David Oliver said...

One of the reasons I had so much trouble remembering some of the details was I had read about one quarter of the book maybe 10 years ago. One day my younger son mentioned the book and I said I had liked what I'd read but misplaced it and forgotten where it was. He said, "Dad, it's in the bookcase with the marker where you left off."
So I finally got around to finishing it.

David Oliver said...

I think in most literature, comics, whatever, Morgan Le Fay is Arthur's enemy. In "Yankee" she is not really portrayed that way. She is introduced as Arthur's sister, a great and powerful sorceress but she doesn't perform any sorcery. She is pretty portrayed as just a powerful and head strong woman.

Yep, he absolutely pooh-pooh'd their supernatural beliefs. Whenever possible he tried to discredit Merlin.

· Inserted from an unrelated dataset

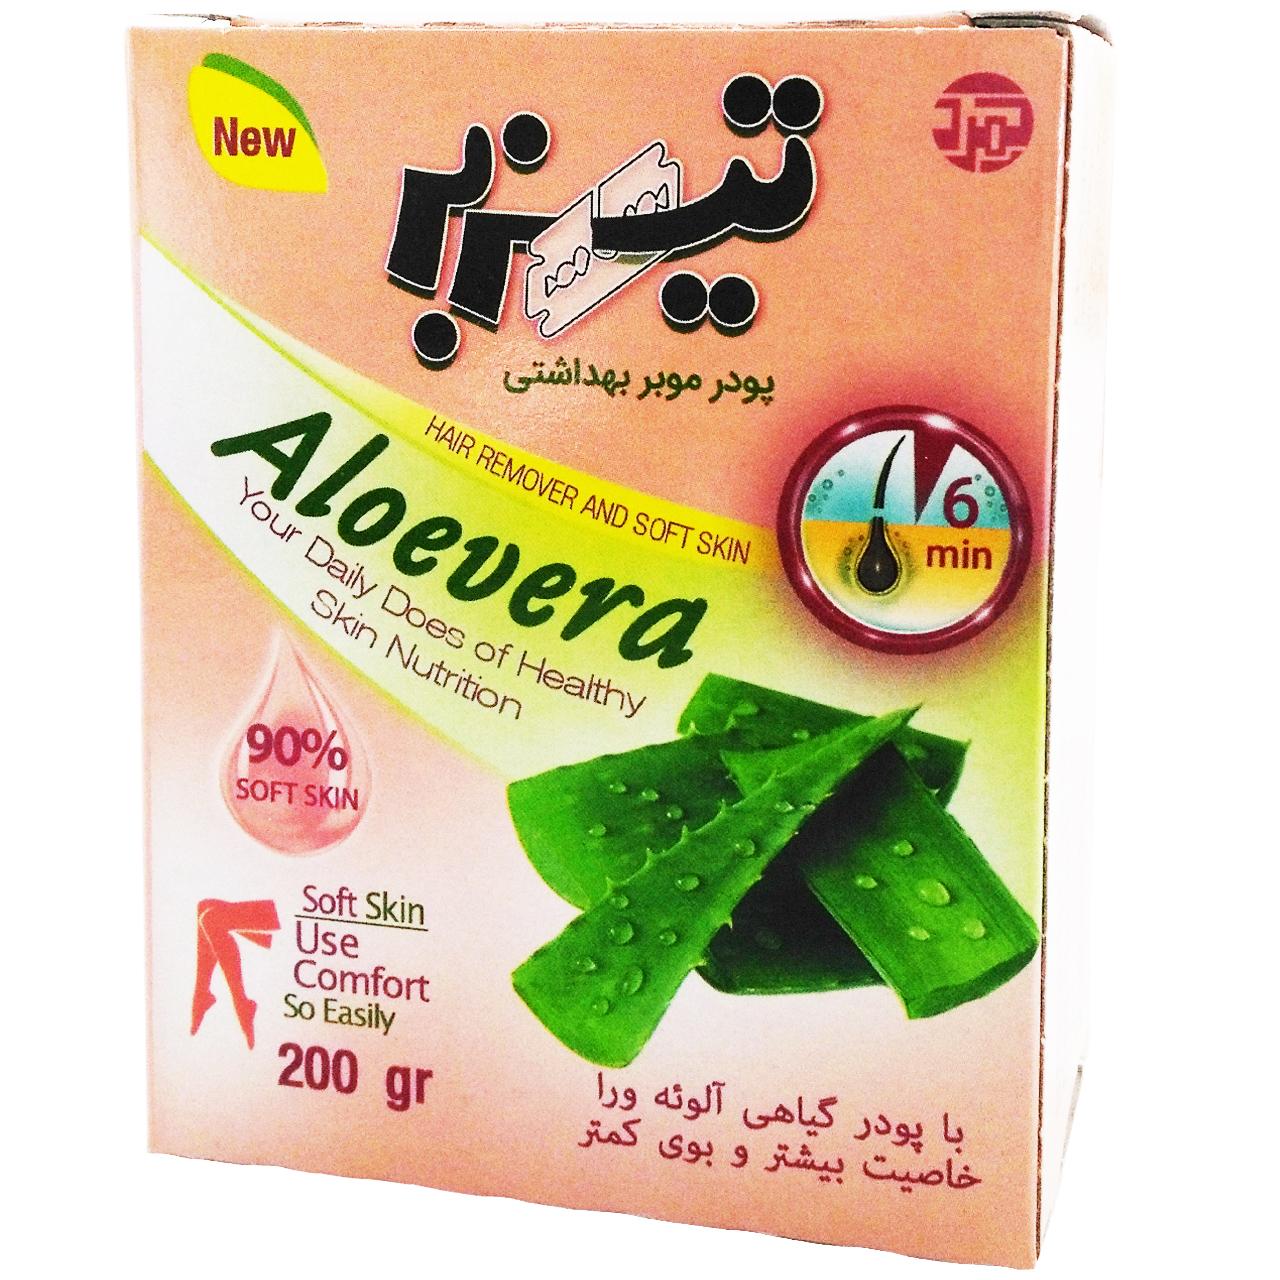 خرید                      پودر موبر تیزبر مدل Aloevera همراه با سانس خوشبو حجم 200 گرم بسته 4 عددی              ✅
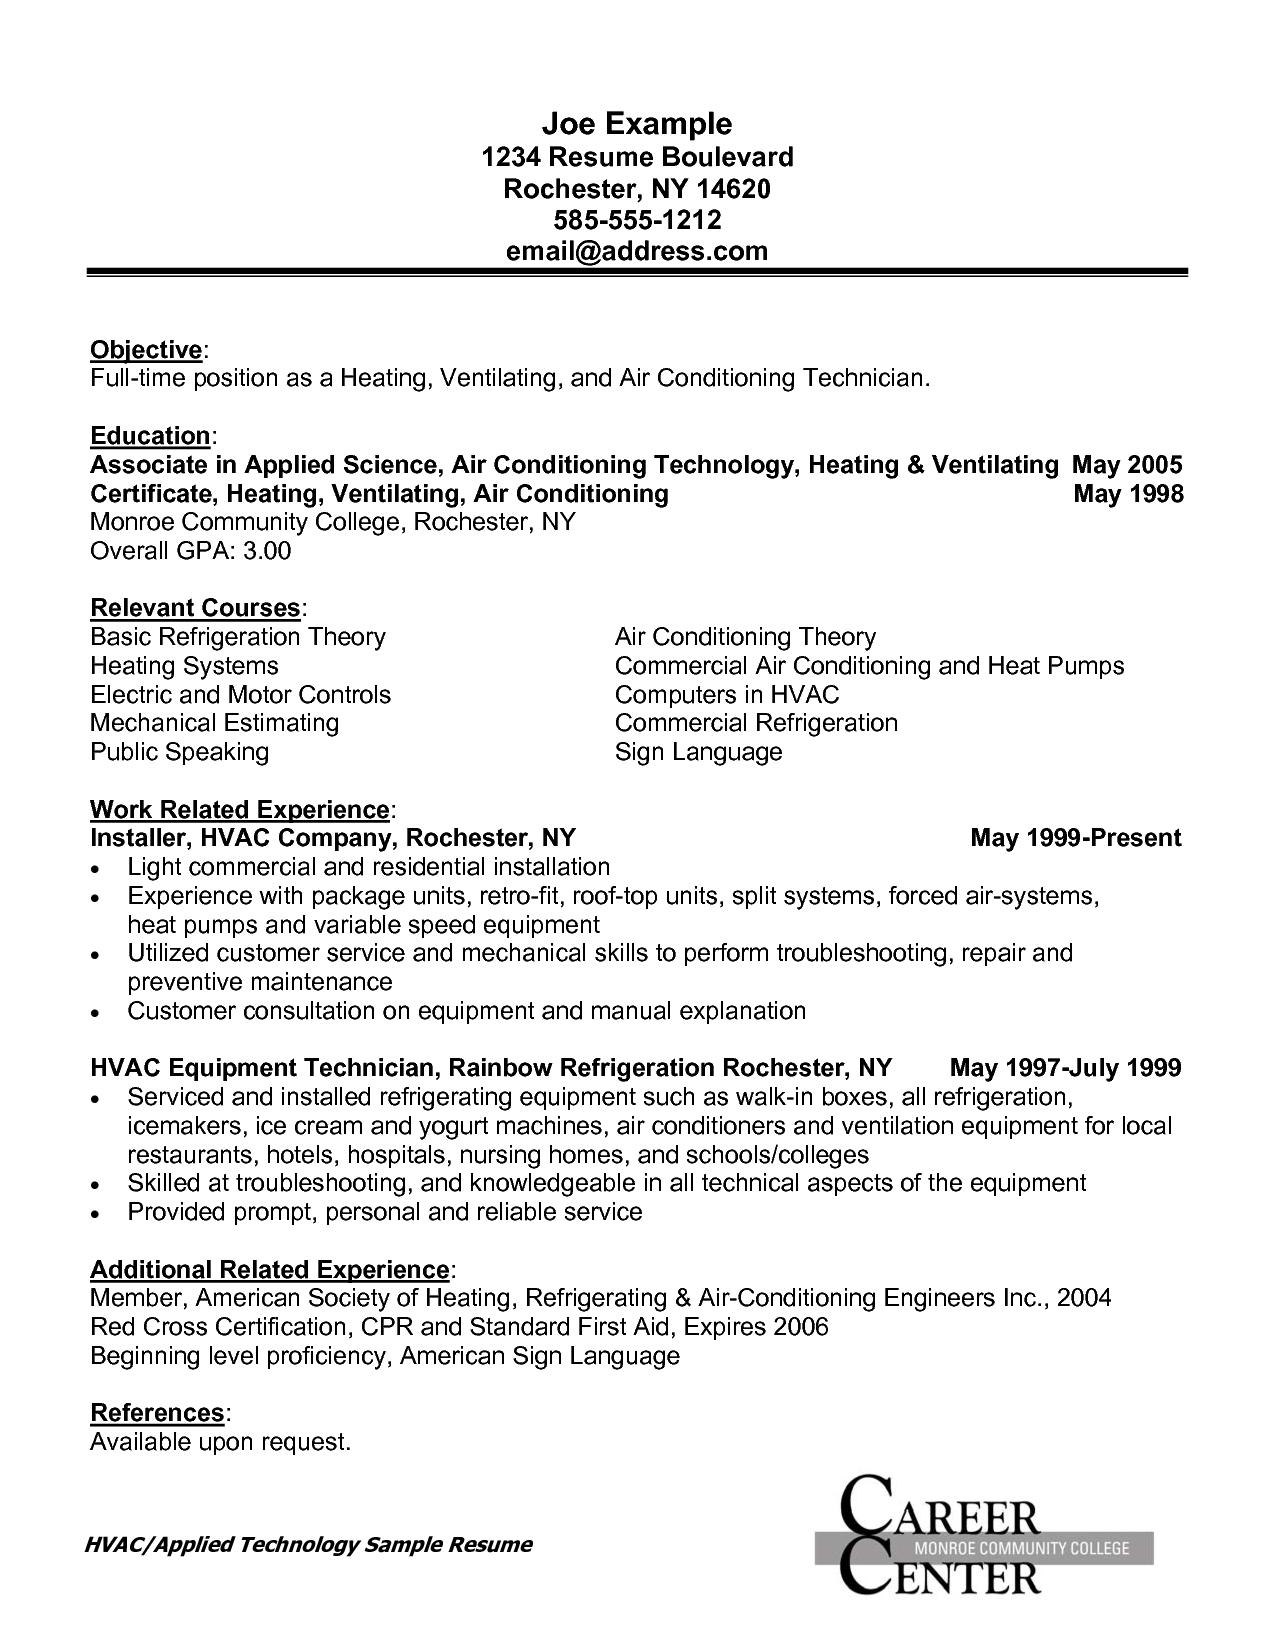 Hvac Cover Letter Template - Sample Resume for Field Service Technician Field Service Technician

A Beer For The Shower said...

I've read a lot of Twain (and love it) but never read this. I'm going to have to check it out. To sound like a really old guy, my favorite satirical look at technology was Charlie Chaplin's movie Modern Times. Still relevant in this day and age, and can still make me laugh.

David Oliver said...

One night while on a date with a lady near my age, we were talking about good movies and I mentioned "Bonnie and Clyde." She said, "but David, it's old." So I said, "so are we but we're still good."
Thanks guys. I've never seen any of Chaplin's work. I'll check it out.

Phillip Oliver said...

Have you read any of Flannery yet?

Carol in Cairns said...

Great ~ a book review :)

David Oliver said...

Phillip I haven't. :(
But I have not forgotten and was reminded Saturday when No. 1 called.
Hopefully I'll get to it before we get together again and we can talk about it.

David Oliver said...

Thanks Carol. I felt totally unqualified to do it but as I've often heard bloggers say, "that never stopped me before." Seriously and truthfully though, I don't think we need to be experts. It is like friends and acquaintances talking but you have to time to gather your thoughts.

Rawknrobyn.blogspot.com said...

I really like this message, David: "power and greed can obliterate any feeling for humanity." Nicely worded and so true. Your review is thoughtful and fair. I'm easily horrified at the mere thought of considering watching a horror movie, so I'm passing on this book, but I appreciate your review. Twain was brilliant.

xoRobyn

David Oliver said...

Thanks Robyn. Of course Twain does not describe any of the cruel events in "Yankee" the way a horror book or movie would, but he puts you there, makes you identify with the victims. And that for me was tough. I think you are right about passing on it.

I agree he was brilliant.

troutbirder said...

I like satire. Twain was very good at it. I think I saw the movie too on late night cable...:)

David Oliver said...

I take it the movie must not have been great unless you are like me and forget most of them. If I run across it, I'll try to watch it.

John Gray said...

I hated the movie but after reading this I may give the book a visit

David Oliver said...

John, there were parts that were like a good novel that you can't put down. Other parts I struggled getting through.